# Ball crank puller



## Getaway (Nov 4, 2013)

I was working on my Burke Mill and needed to remove a Ball Crank so I made this.


----------



## DMS (Nov 4, 2013)

Nicely done. Do you have a bender to do the straps?


----------



## Getaway (Nov 4, 2013)

I don't have a bender.  I wish I could bend some things like that.  I carved them out of a block of 1018 CRS. My Burke Millrite is not operational yet so I did it the only way I knew how with what I had.

Band sawed the stock about 5/8" to long
Dressed the sides & ends on the Millwaukee tool & cutter grinder. 
Drilled and bored the hole on the lathe.
Sawed and filed the slot
Sawed to length and rounded the end on the Belt sander.

Thought I would never get done.


----------



## Scruffy (Nov 4, 2013)

[QUORrTE=Getaway;156672]I don't h a bender.  I wish I could bend some things like that.  I carved them out of a block of 1018 CRS. My Burke Millrite is not operational yet so I did it the only way I knew how with what I had.

Band sawed the stock about 5/8" to long
Dressed the sides & ends on the Millwaukee tool & cutter grinder. 
Drilled and bored the hole on the lathe.
Sawed and filed the slot
Sawed to length and rounded the end on the Belt sander.

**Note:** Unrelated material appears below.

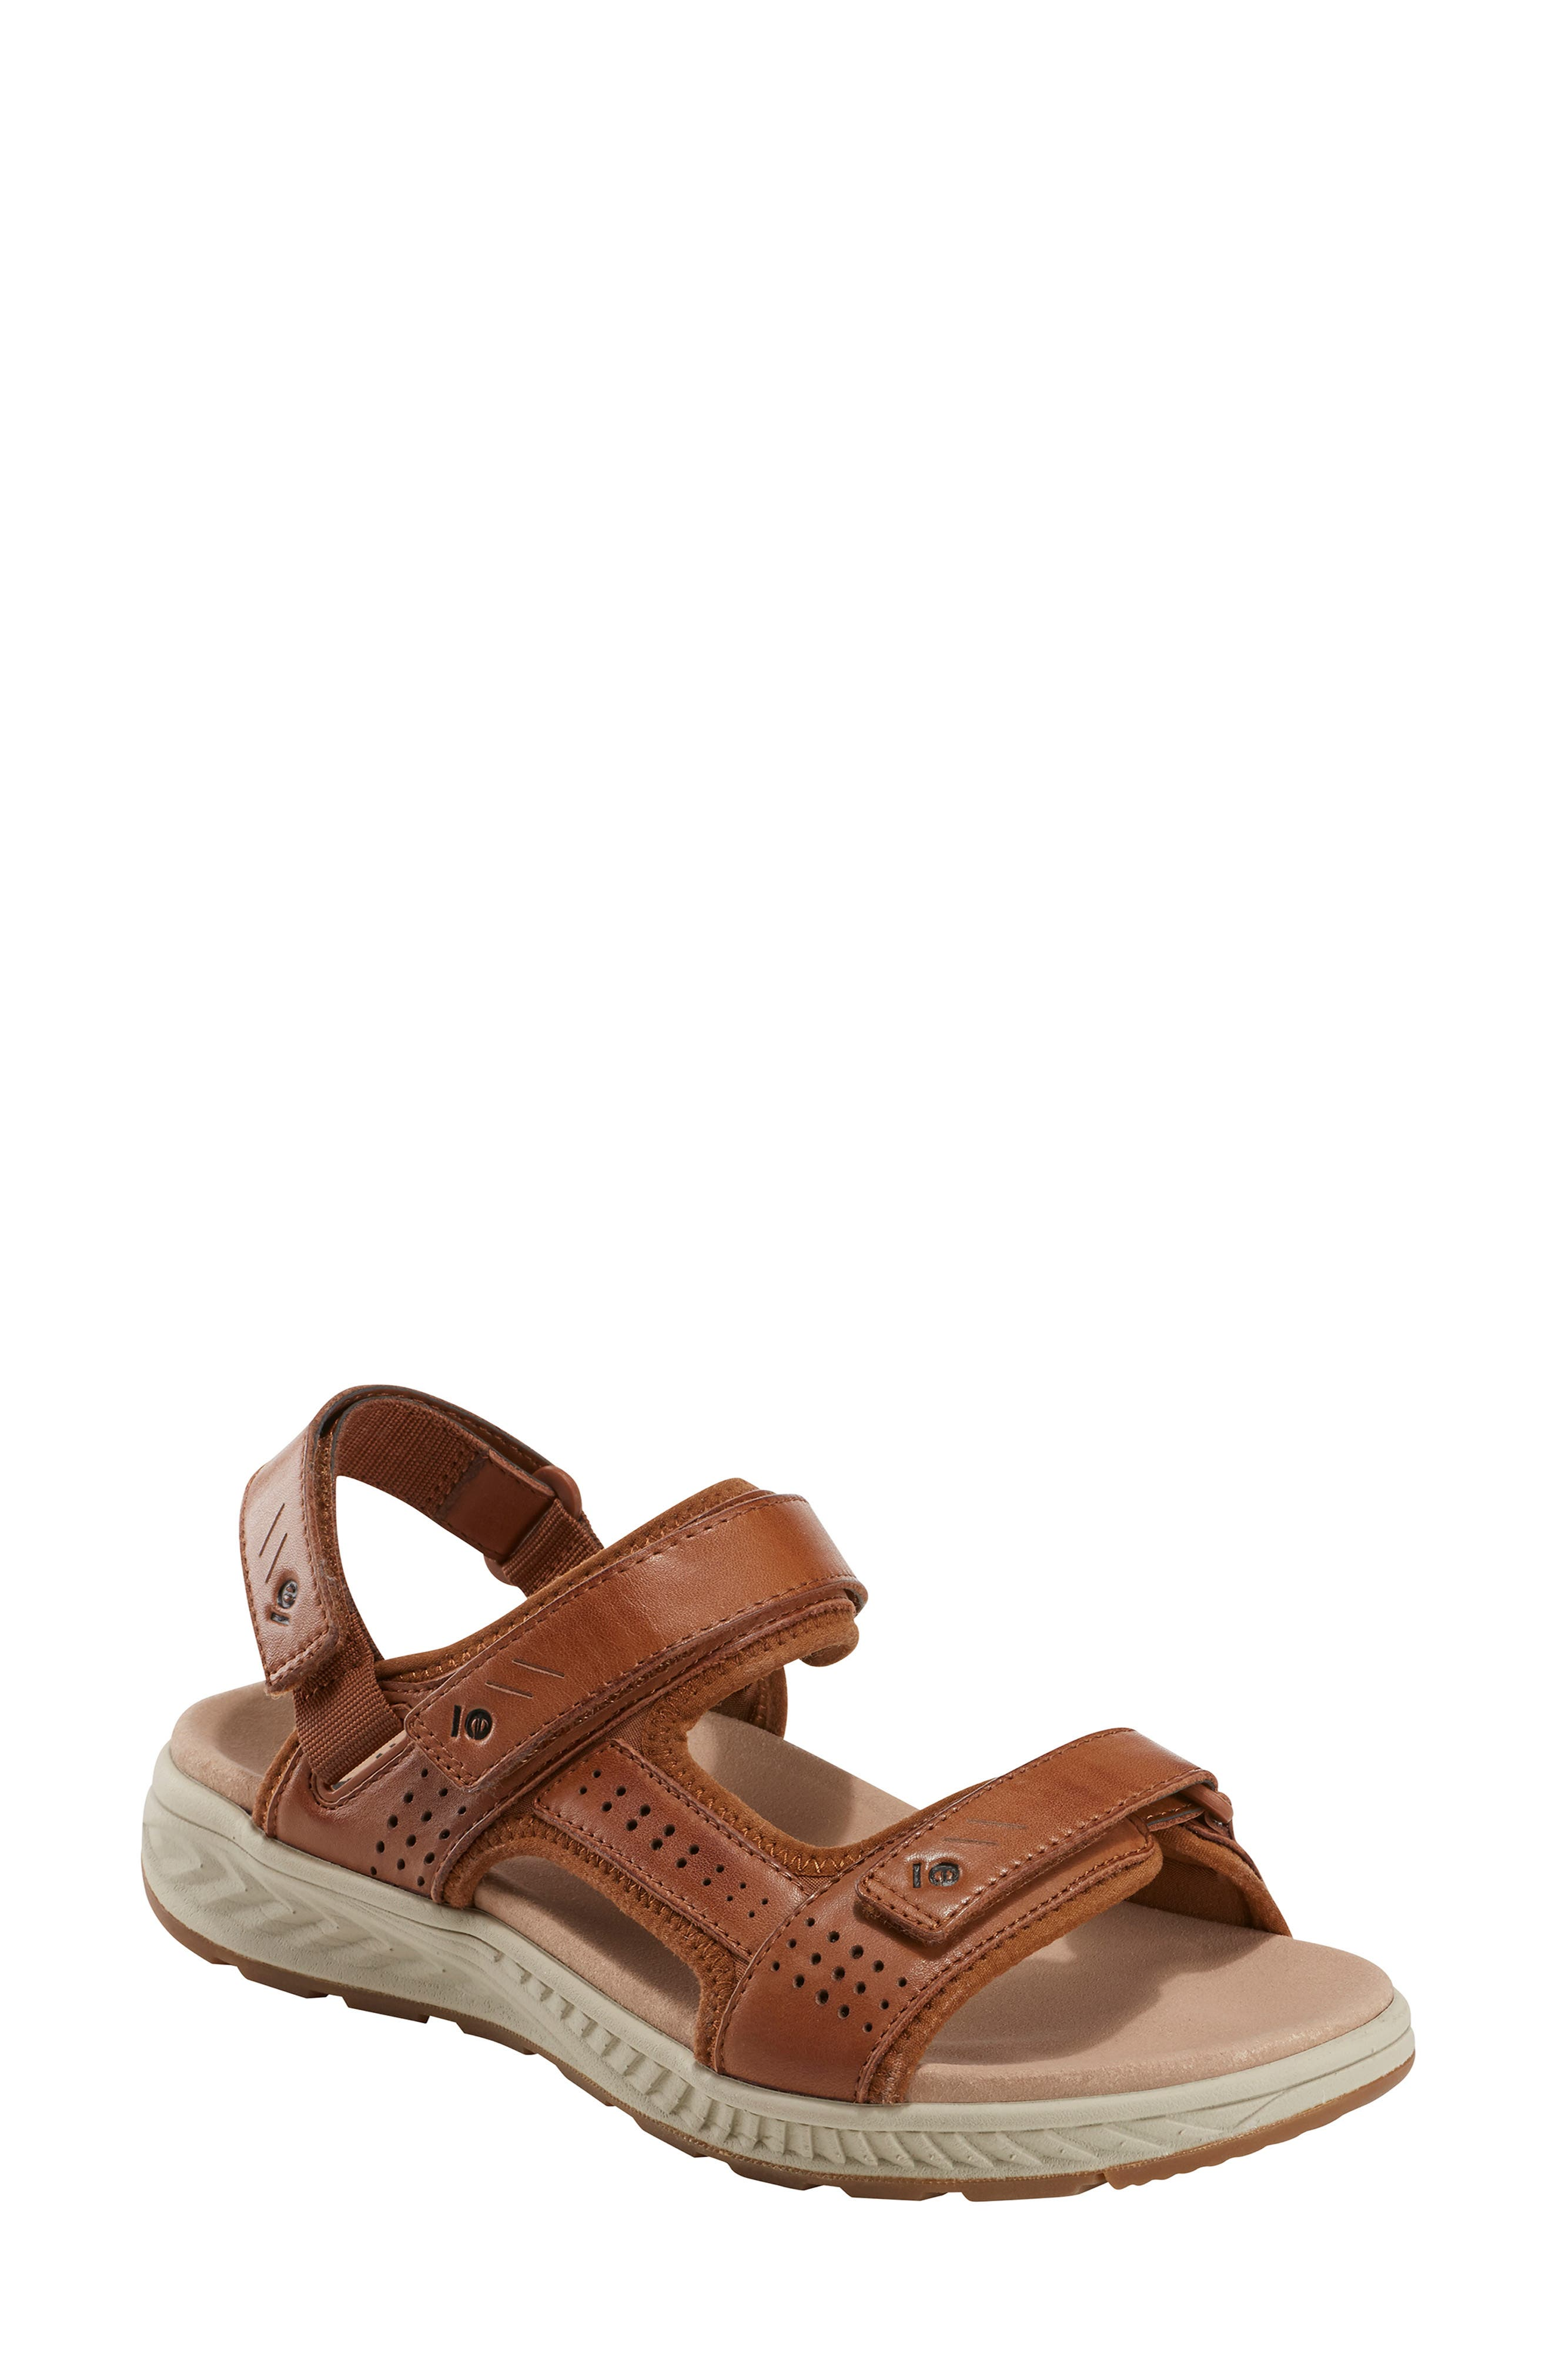 Earth Azore Sandal, Brown

Thought I would never get done.[/QUOTE]

- - - Updated - - -

Supper nice job!!just shows you with a little thought. You can make do with what you have


 Scruffy


----------



## DMS (Nov 4, 2013)

They look better than any bent pieces I have seen. Probably more work than you wanted to put into a simple tool, but hey nobody said this hobby was for the impatient


----------



## Terrywerm (Nov 4, 2013)

Nice job, Getaway!  As already mentioned, there is more than one way to skin a cat, which you proved here.


----------



## RandyM (Nov 5, 2013)

Yup, nice tool. Did you get the handle off the machine?


----------



## Getaway (Nov 5, 2013)

Yes.  The handle was almost off when I took the picture.  It was not all that tight.  Some day I need to make a nice "Bolt" for the puller.  

Thanks Guys for all the kind words.  I read this form almost every day.


----------



## 283v8 (Nov 11, 2013)

Beautiful handmade piece. You surely did a nice job. amazing what one can do with thought, patience, and elbow grease.


----------